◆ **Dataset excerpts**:
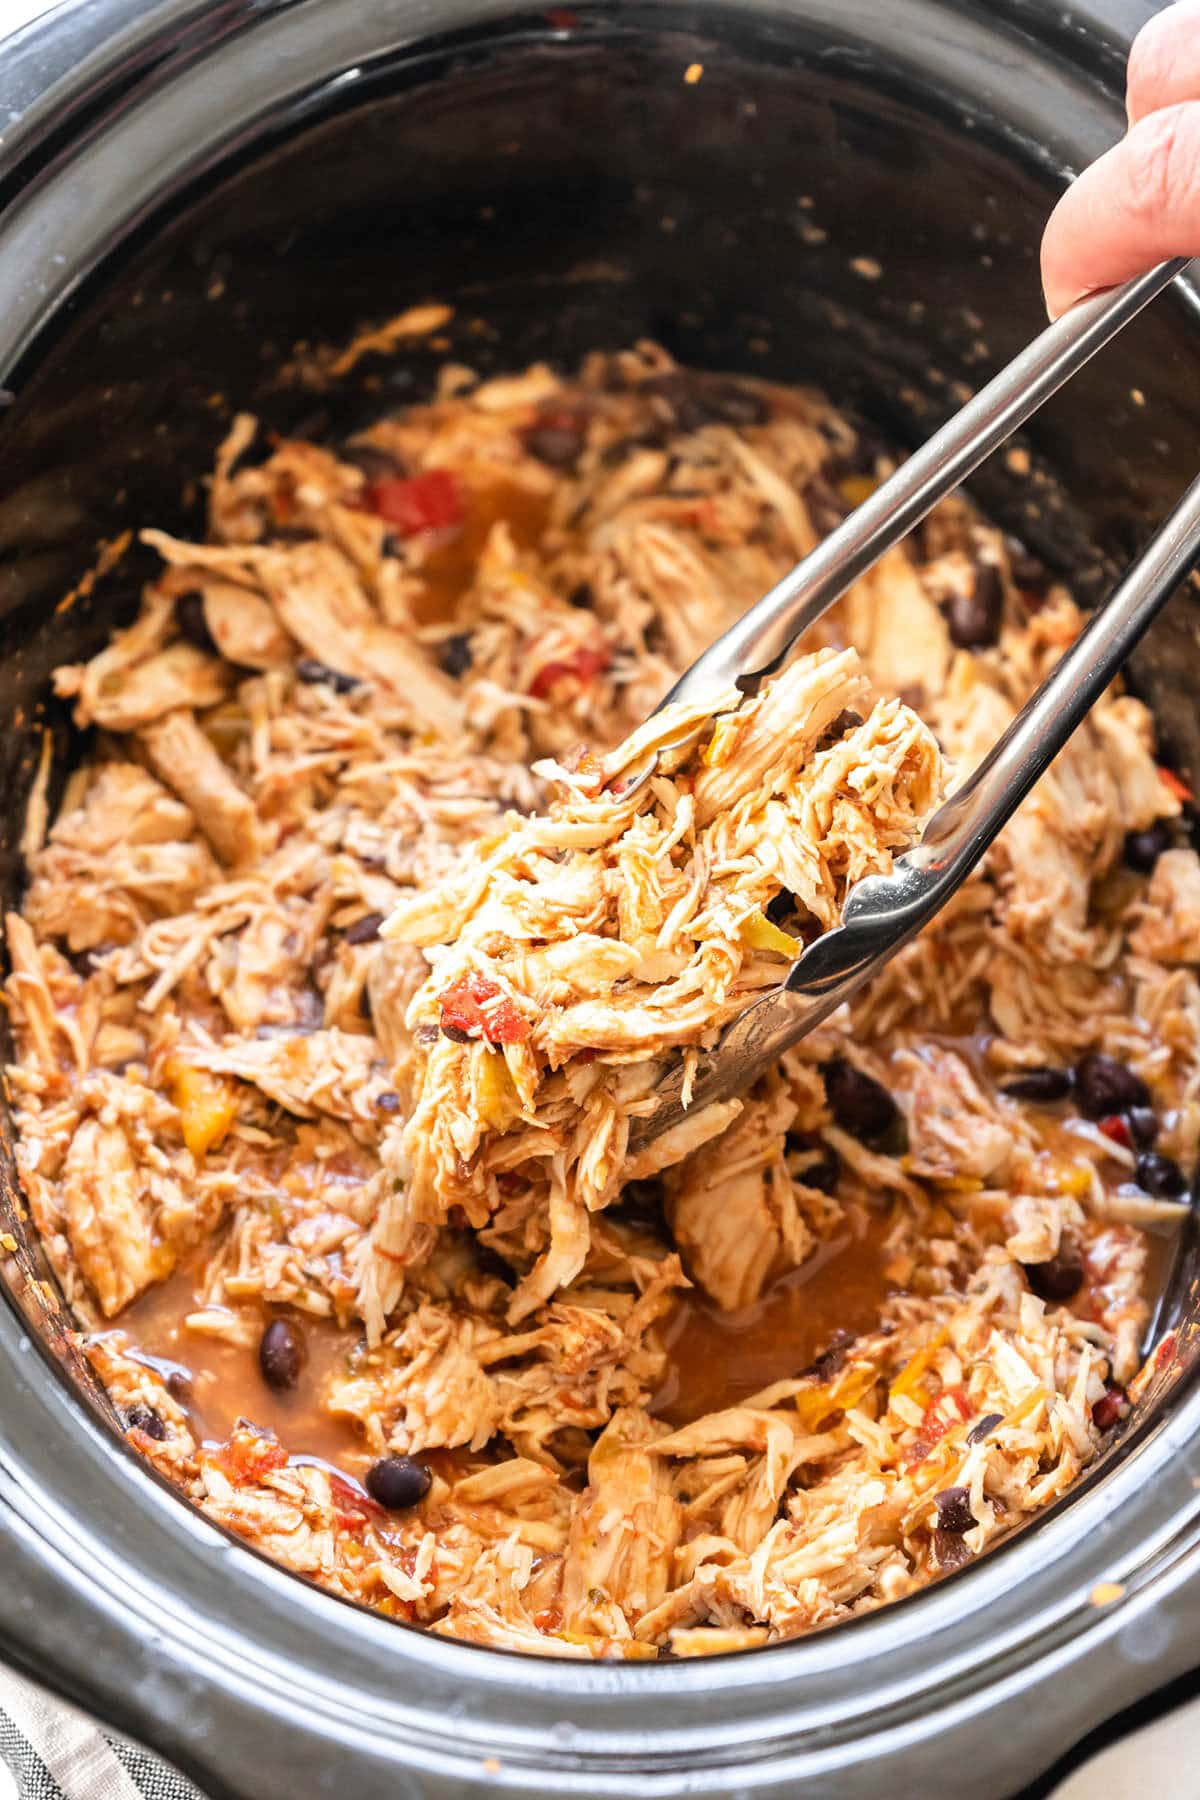 Shredded chicken taco meat in slow cooker with tongs for serving.
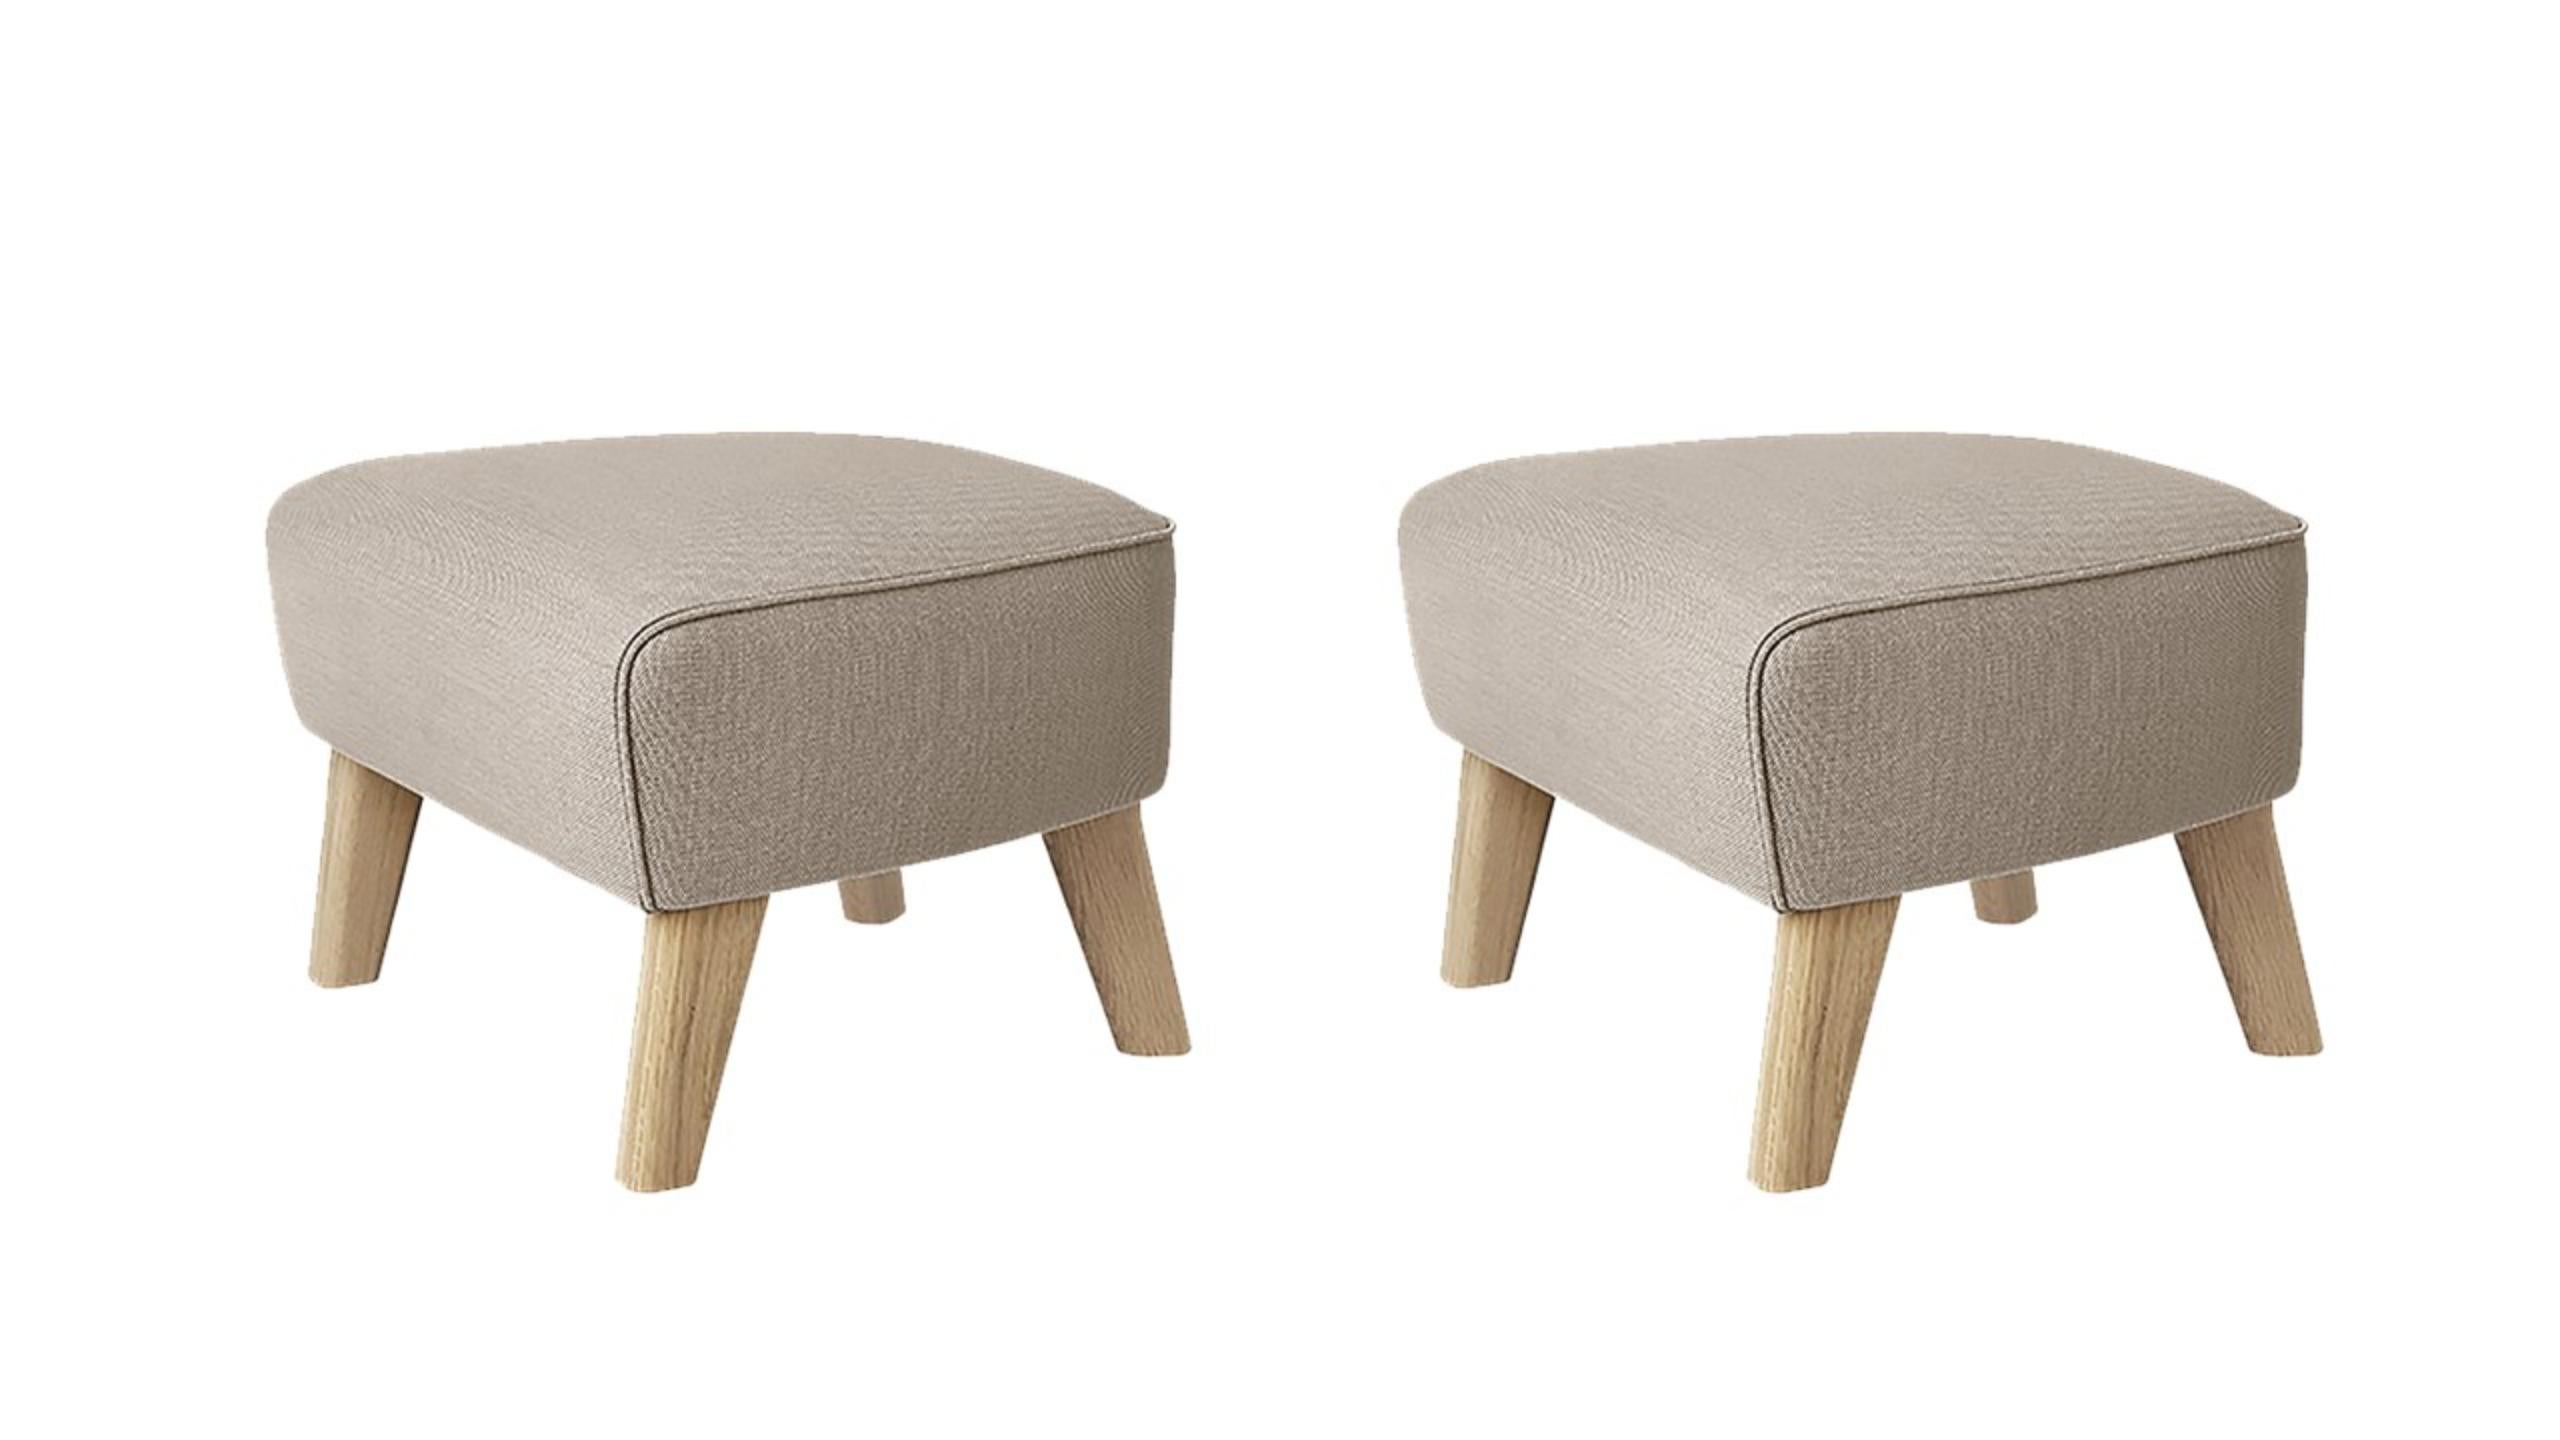 Set of 2 beige and natural oak Sahco Zero Footstool by Lassen
Dimensions: W 56 x D 58 x H 40 cm 
Materials: Textile
Also available: other colors available.

The My Own Chair Footstool has been designed in the same spirit as Flemming Lassen’s

◆ **EXERCISE**:
The finished copy should match the data above word for word and contain no pictures.

◆ **RESULT**:
 Shredded chicken taco meat in slow cooker with tongs for serving.
 Set of 2 beige and natural oak Sahco Zero Footstool by Lassen
Dimensions: W 56 x D 58 x H 40 cm 
Materials: Textile
Also available: other colors available.

The My Own Chair Footstool has been designed in the same spirit as Flemming Lassen’s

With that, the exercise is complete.